Two weekends ago, through a fog of not-yet diagnosed bacterial pneumonia, I went to my first writers’ conference pitch session. Think about speed dating in hell with a lot more at stake, maybe 3 plus years of work on a particular project.
The gun goes off. The pitchees were led upstairs, trying not to look too eager or too desperate. Like beauty contestants. Pick me, pick me. One man looked decidedly green. Another woman was fluffing her chest. At least no one got trampled underfoot.
Tables were spread out over the hotel mezzanine with the agents’ names written on wire placards right at eye level. Not in any discernible order. But then I was running a fever and not too observant. Three chairs around a table. An agent sat in one, leaving two others. Which fucking one to sit in?
I sat down. My mind went blank. The agent raised an eyebrow at me. I couldn’t remember whether to extend my hand or not. Looking around the room, the pitchees were doing all kinds of things. I had been warned that some agents bite, and other agents found shaking hands was too much of a commitment. Possibly they were shy or had OCD—either way, my deodorant had stopped working, and I’m sure they could smell the flop sweat.

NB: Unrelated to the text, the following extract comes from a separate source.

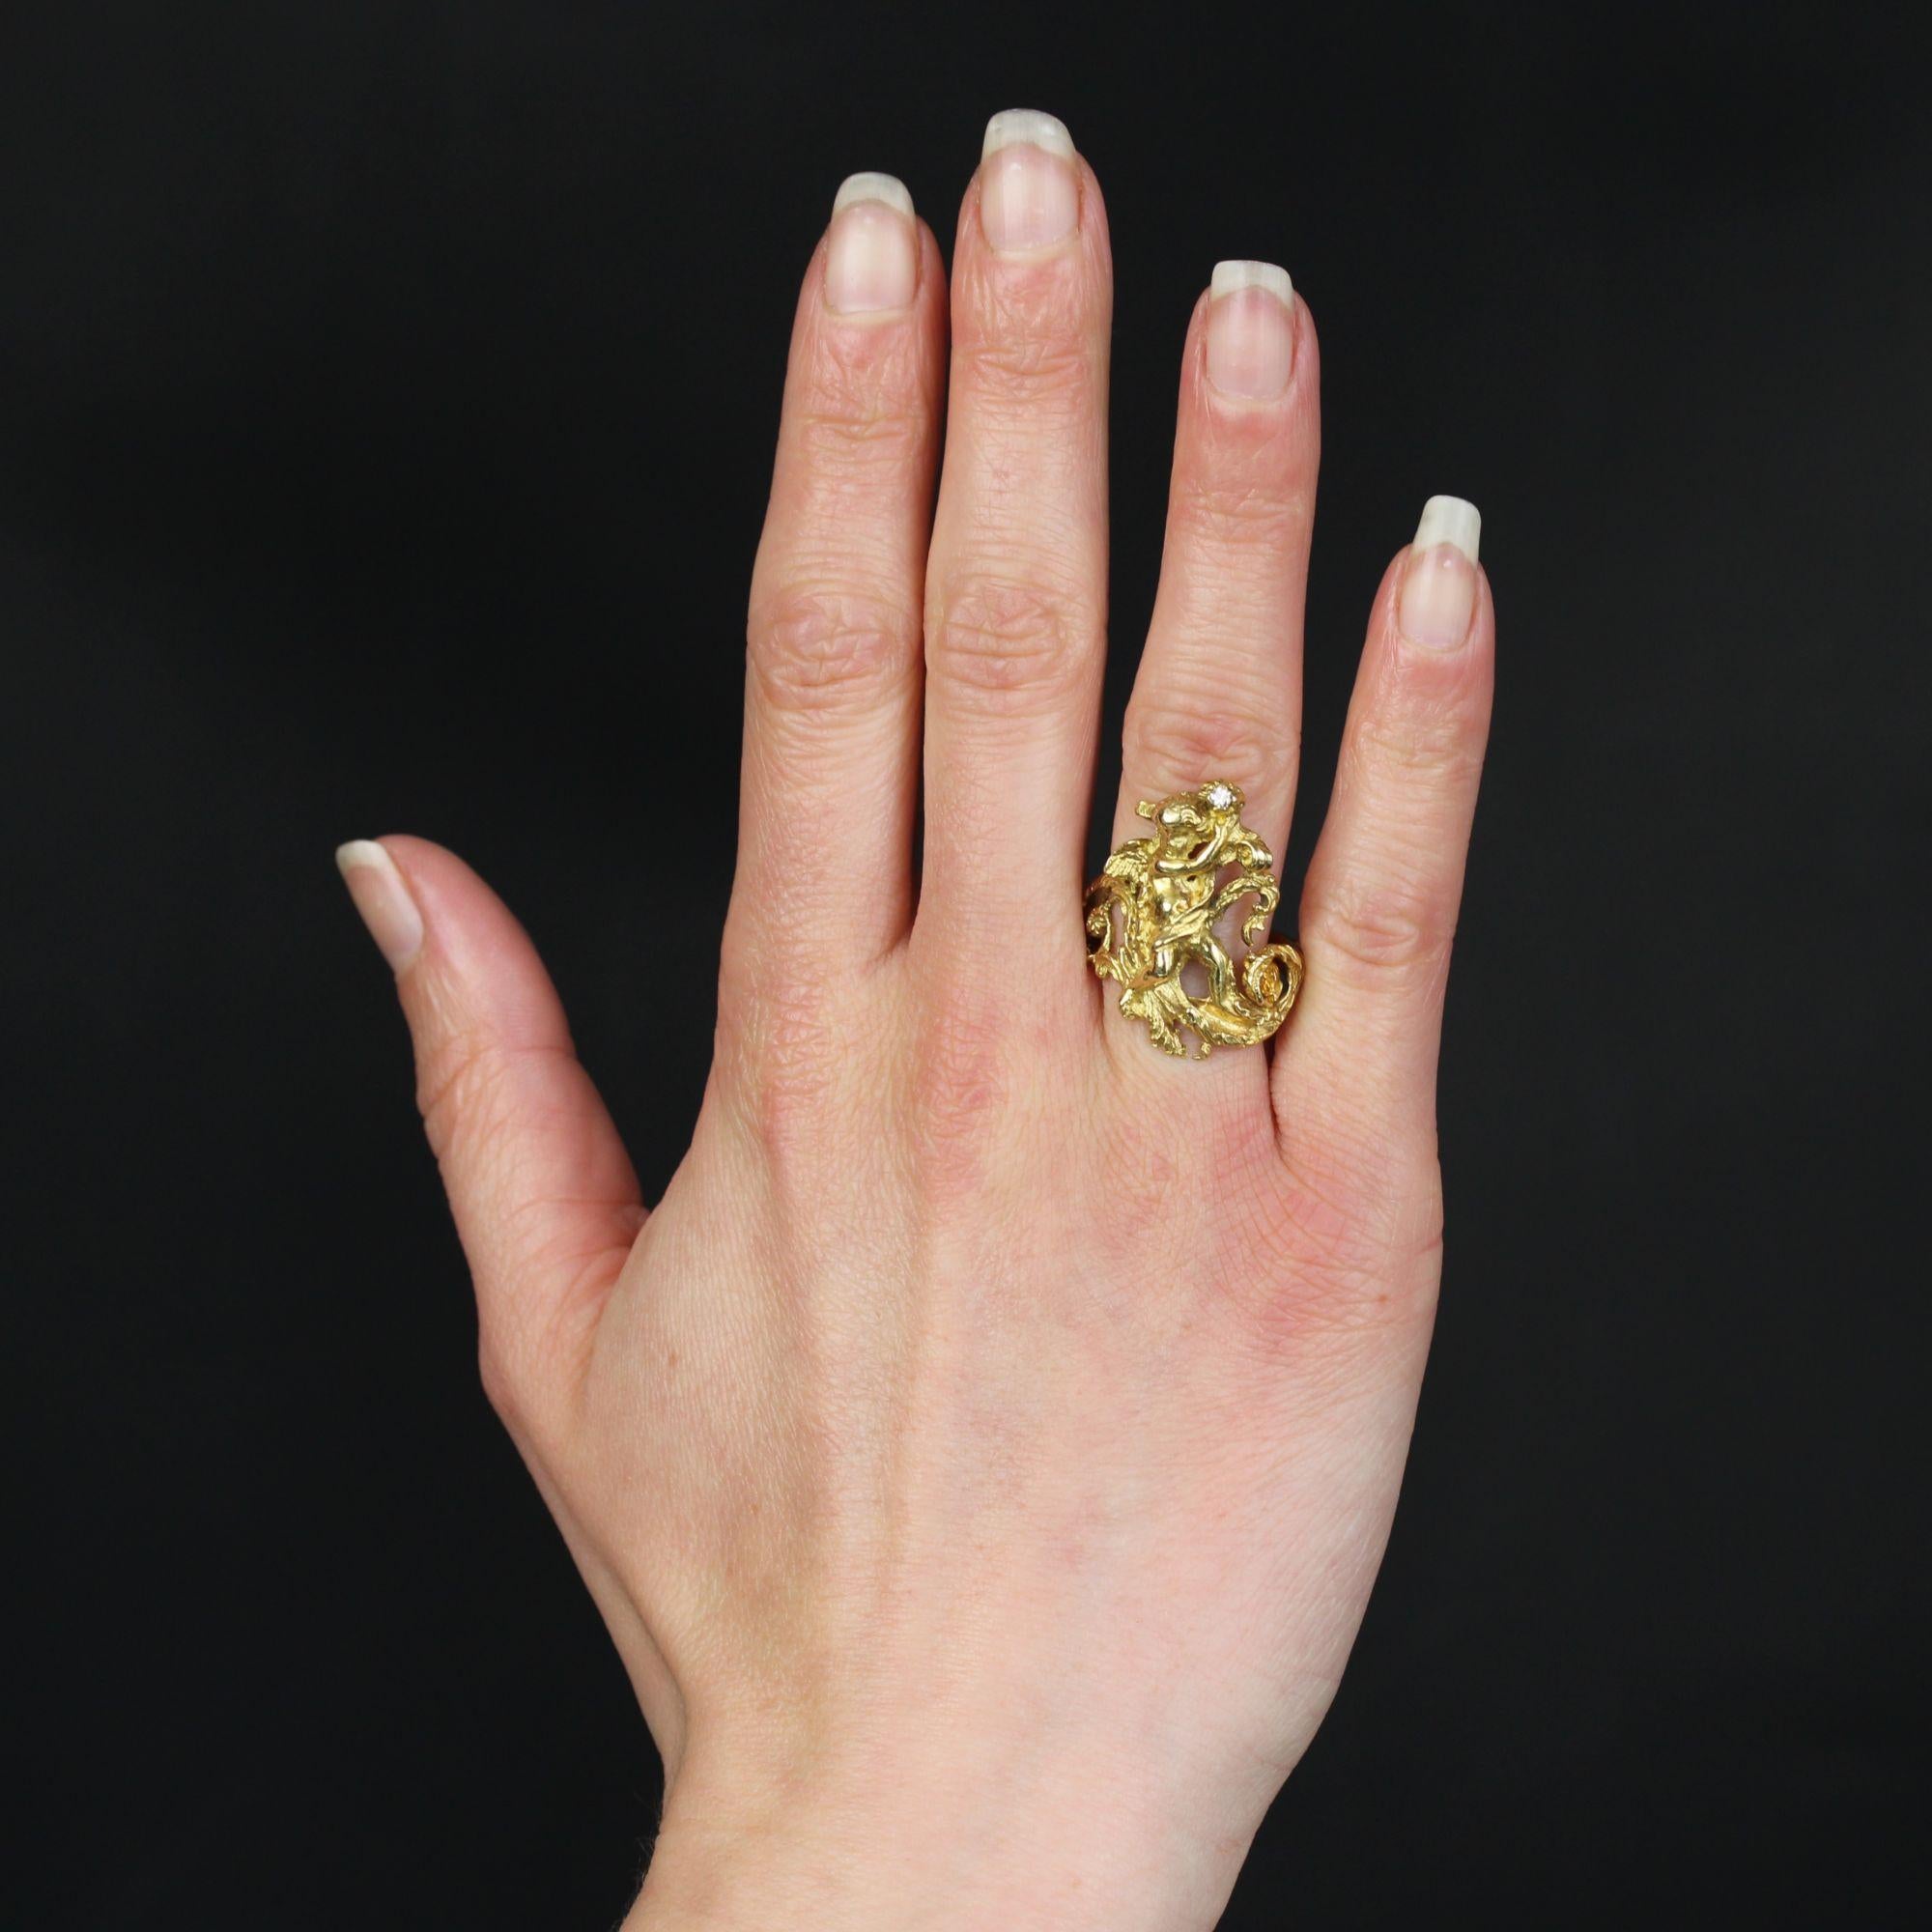 Ring aus 18 Karat Gelbgold.
Die Fassung dieses bedeutenden antiken Rings ist rundherum und auf der Oberseite mit Pflanzenmotiven, Arabesken und einem bezaubernden kleinen Engel graviert, der einen kleinen Brillanten in den Händen über dem Kopf hält.

I decided to state the obvious. “I am very nervous.” Formal. Without contractions. This from a person who makes one-hour evaluations of other peoples’ mental health that are legal documents and forever attached to their Social Security Number. On average, I meet, put at ease, and ferret out the secrets of 30 plus people a week. And that day, with years of work riding on it and a literary agent looking at me expectantly, I could not pull out minimally adequate social skills for ten minutes.
It went downhill from there. Adrenaline flooded my body, and my prefrontal cortex (residence of essential functions) ran away, leaving my reptilian brain in charge. My reptilian brain was not a rambunctious T. Rex – compelling and challenging to look away from. My reptilian doppelganger was one of those tiny chirping baby reptiles – hopping up and down annoyingly and only able to attack in groups. Instead of roaring about my book as the next bestseller, unique but not too, entertaining, thoughtful, insert descriptor here, I bit a chunk out of the inside of my cheek. Now, not only was I preverbal, but anything that came out of my mouth sounded like I had swigged a bottle of Jack Daniels on the way up the stairs.
The agent looked at me kindly. There was an awkward pause. I managed to mumble a few words about my multiple-year project. I wanted to yammer on, “But I have a Ph.D. I’m quite thoughtful. People think I’m not bad at this writing thingamabob.” Thankfully, I couldn’t make my tongue form the words because I am sure they would have been accompanied by buckets of saliva. And I would have been the first aspiring writer to drown an agent in her spit.
The bell sounded. Both of us looked relieved.
I got up, thanked the agent, tripped on the stairs going down, and went in search of a bar. Instead, I should have driven home immediately, stopped at the nearest Urgent Care, and then went straight to bed.